There are many ideas out on the internet so if this method appeals to you, I encourage you to research and look at photos of people’s set ups.
Pros and cons with using a shed or garage
Sheds and garages allow your pet more living space. Sheds are more expensive than a hutch but for the price you pay, you get a lot more space and bad weather is no longer an issue. Converting a garage is not expensive as long as you already own the garage! But it will require you to tidy up a bit. You will need more wood preservative to protect a shed than you would if you used a hutch. But if you used a garage, you would not need any preservative.
For a method of housing outdoors, there are not many cons for using a garage or shed. I prefer this method to using a hutch. If you only intend to keep one rabbit, I would recommend letting the bunny live indoors to prevent boredom.
Other methods
The two methods above are two most common methods but no doubt people have found other ways to house their rabbits outdoors. I will not go into detail on these other methods. Whatever you do, never decide to give your whole garden as your rabbit’s home. To allow a domesticated rabbit to free range unsupervised is a dangerous thing to do as there are many predators that can kill or harass your rabbit such as foxes, seagulls, birds of prey, cats and dogs. Also there is the risk of your rabbit digging out of the garden. Wild rabbits will know to run and hide from predators but a pet rabbit given the garden to live on might not know what to do.

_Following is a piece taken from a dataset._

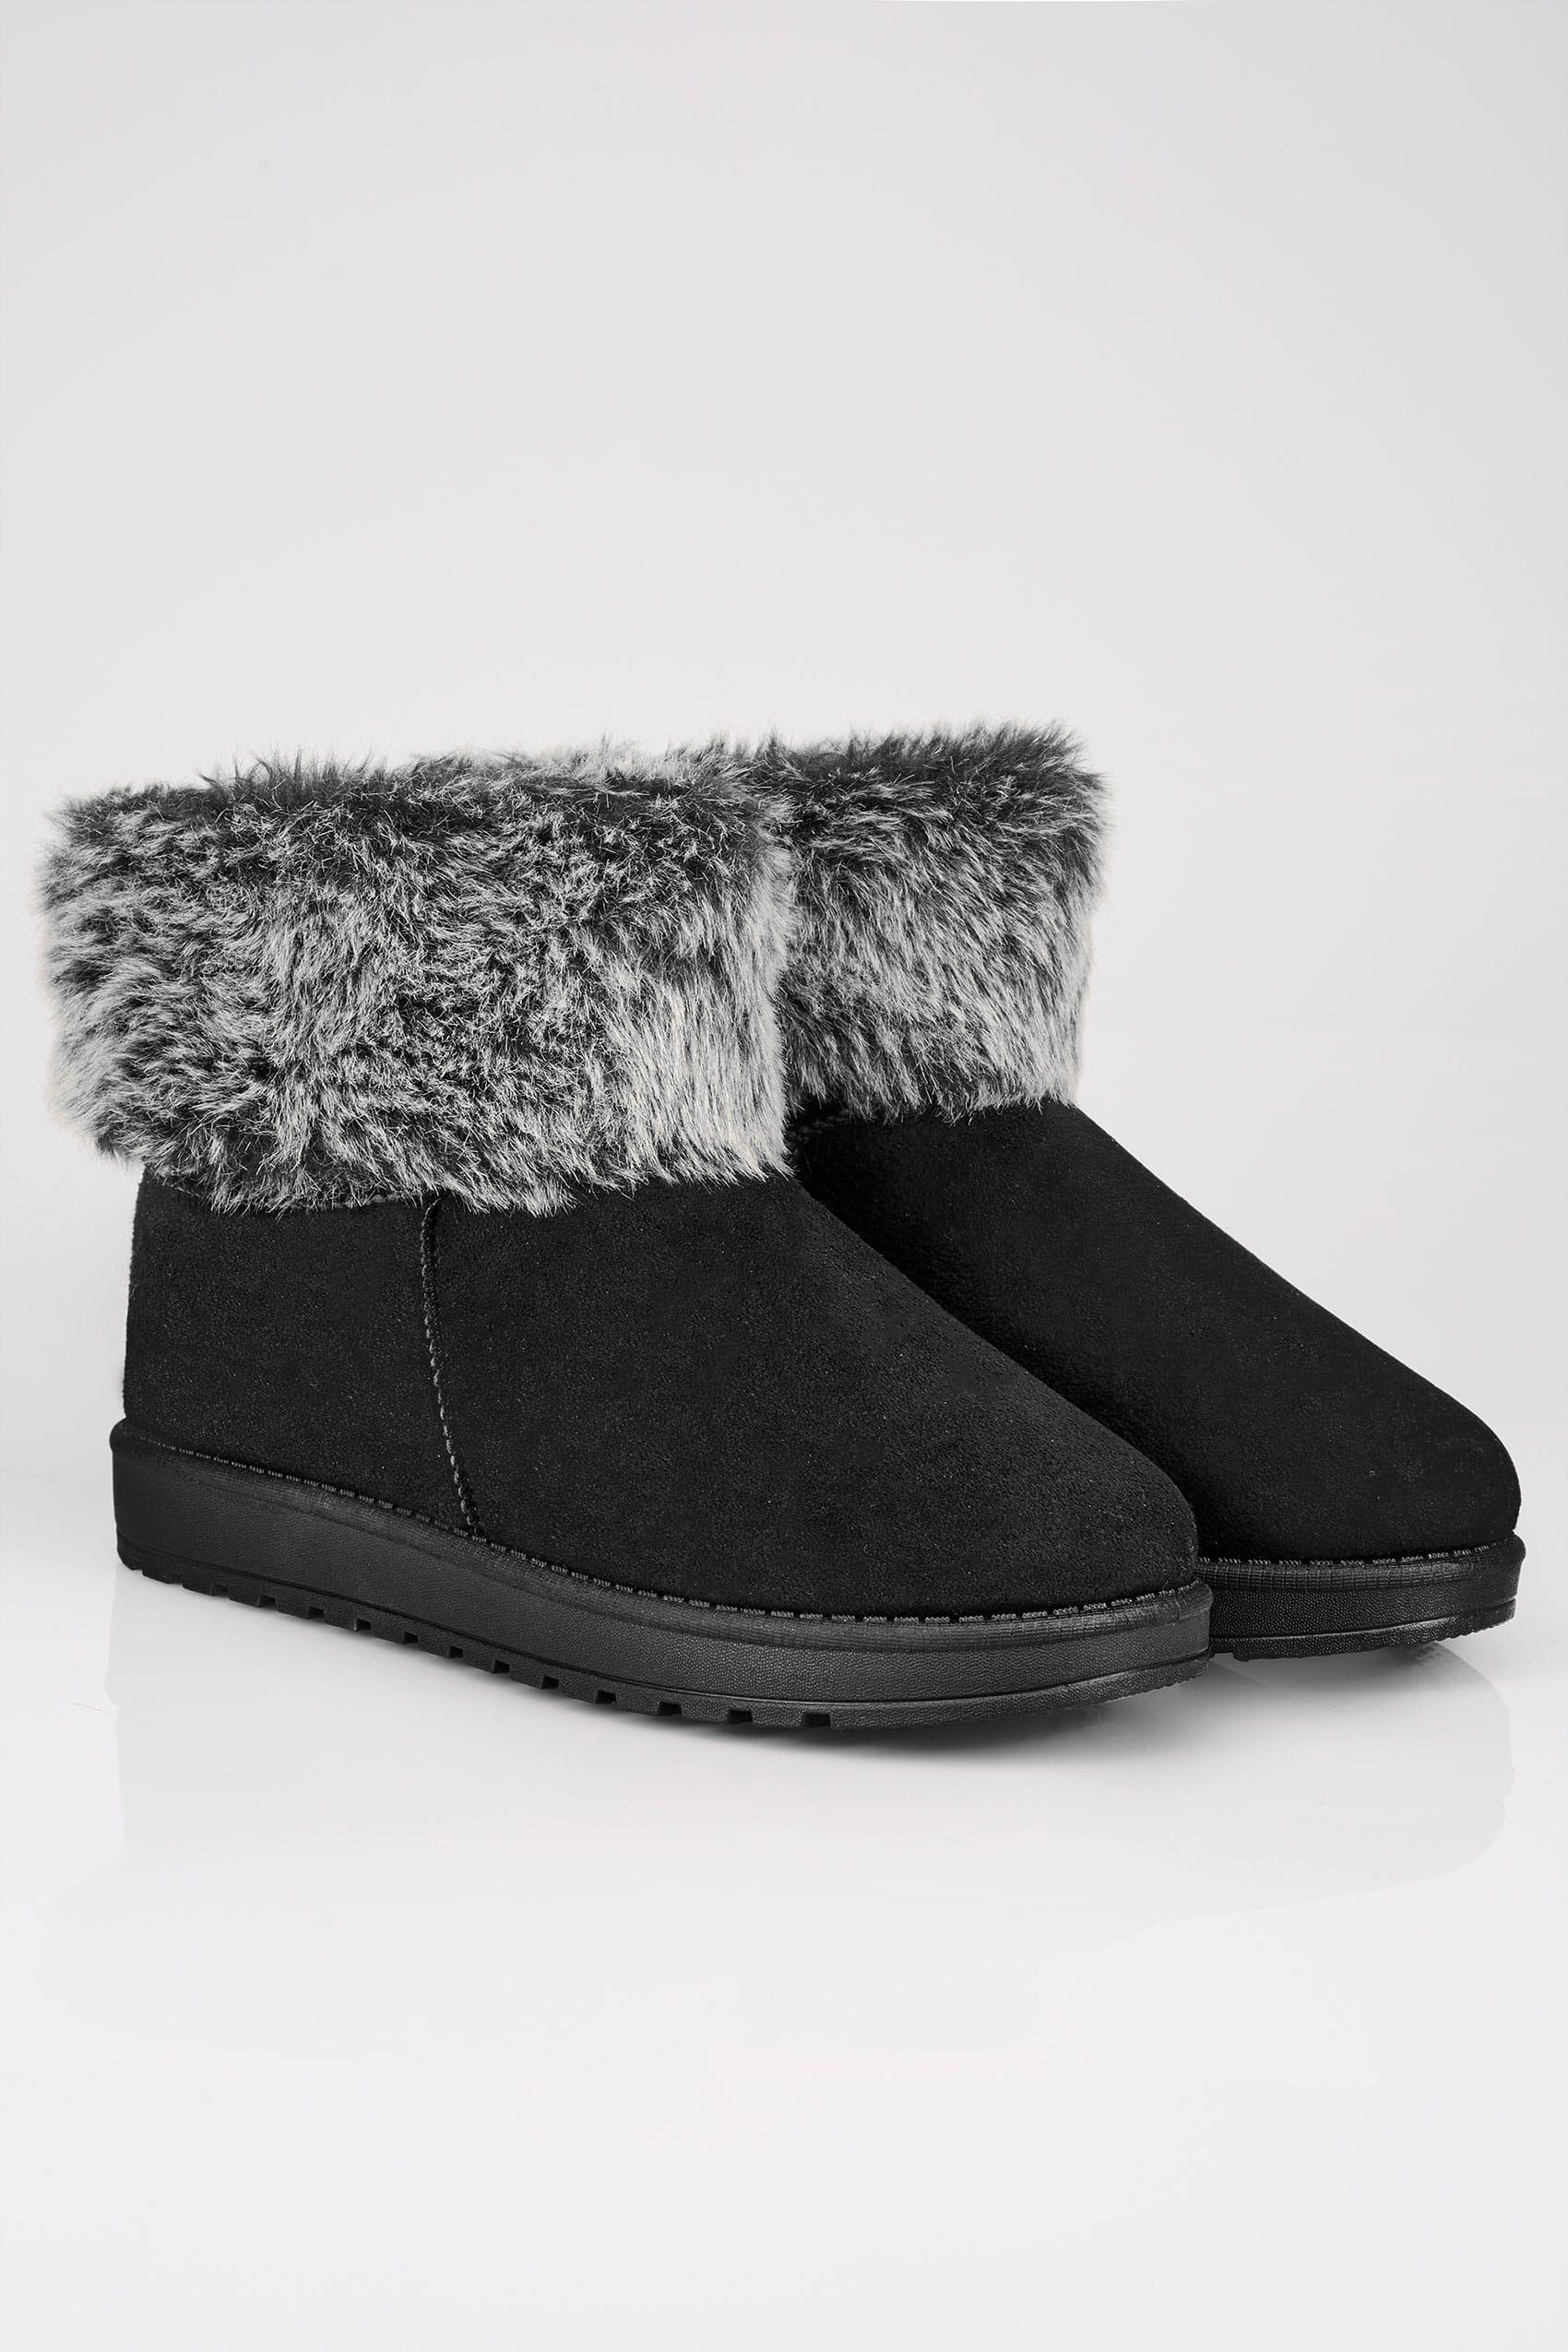 0313312da717 Black Faux Fur Trim Ankle Boots In TRUE EEE FIT
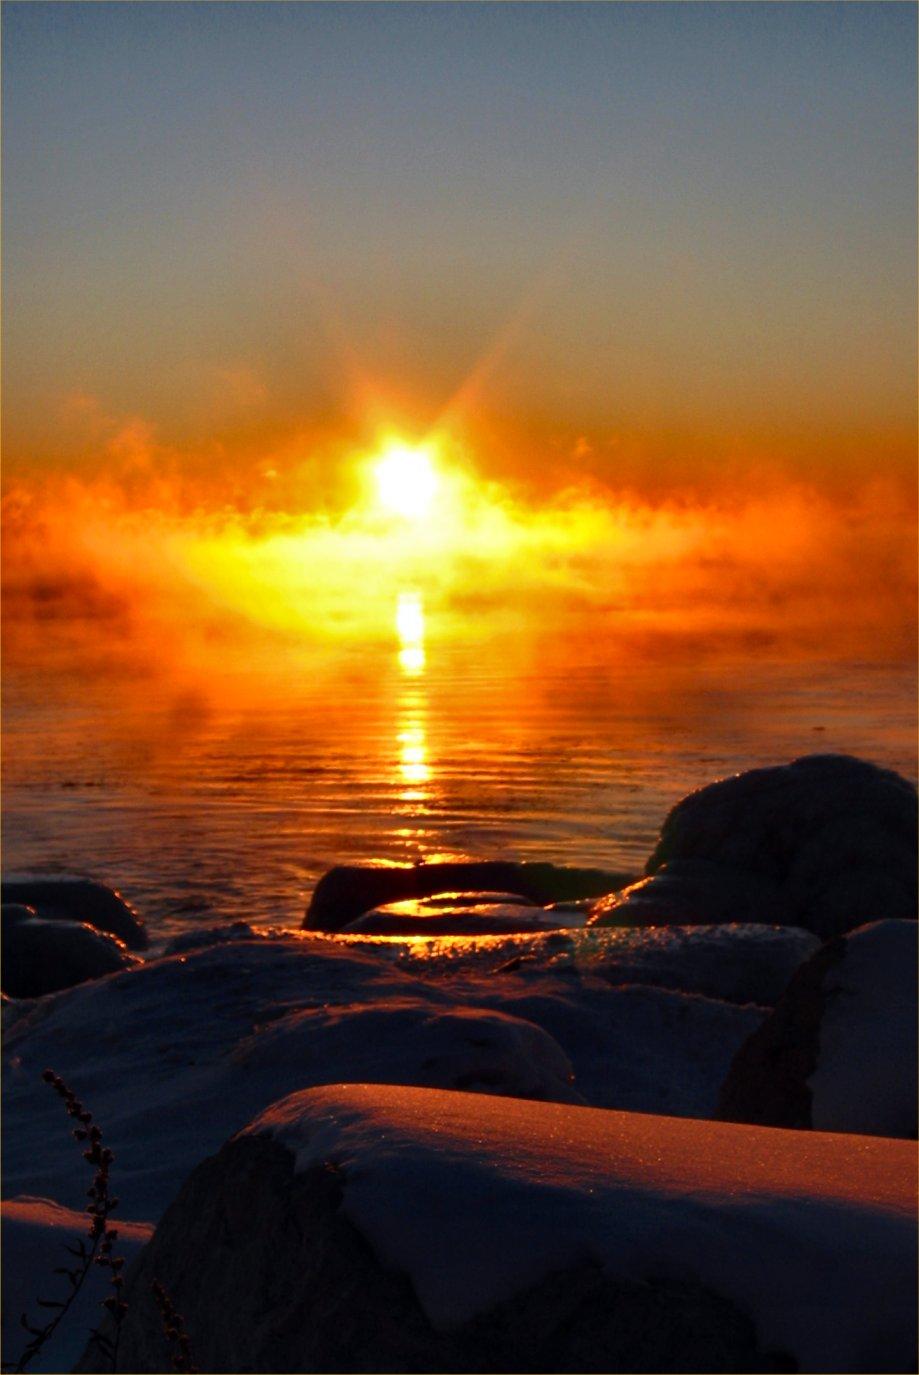 soul amp golden sunrise in mist on lake michigan with. Black Bedroom Furniture Sets. Home Design Ideas

Hi, We have an atrium space. It is surrounded on all sides by the inside of the house but it is open air to the sky. It was all planted with bamboo plants, but we have taken all plants and their roots out of there to start from scratch as we would want our bunny to be safe. We know we would need to make sure hawks etc. could not get to our bunny, so we need to put some kind of netting or what else would you suggest to keep other varmints out above? We would like to plant the space so that our bunny will have a pretty comfortable place to play, stretch, etc. but we would feel it most secure to put him back in his cage at night. Any suggestions you can make to us concerning this idea to repurpose our indoor/outdoor atrium for our rabbit would be much appreciated.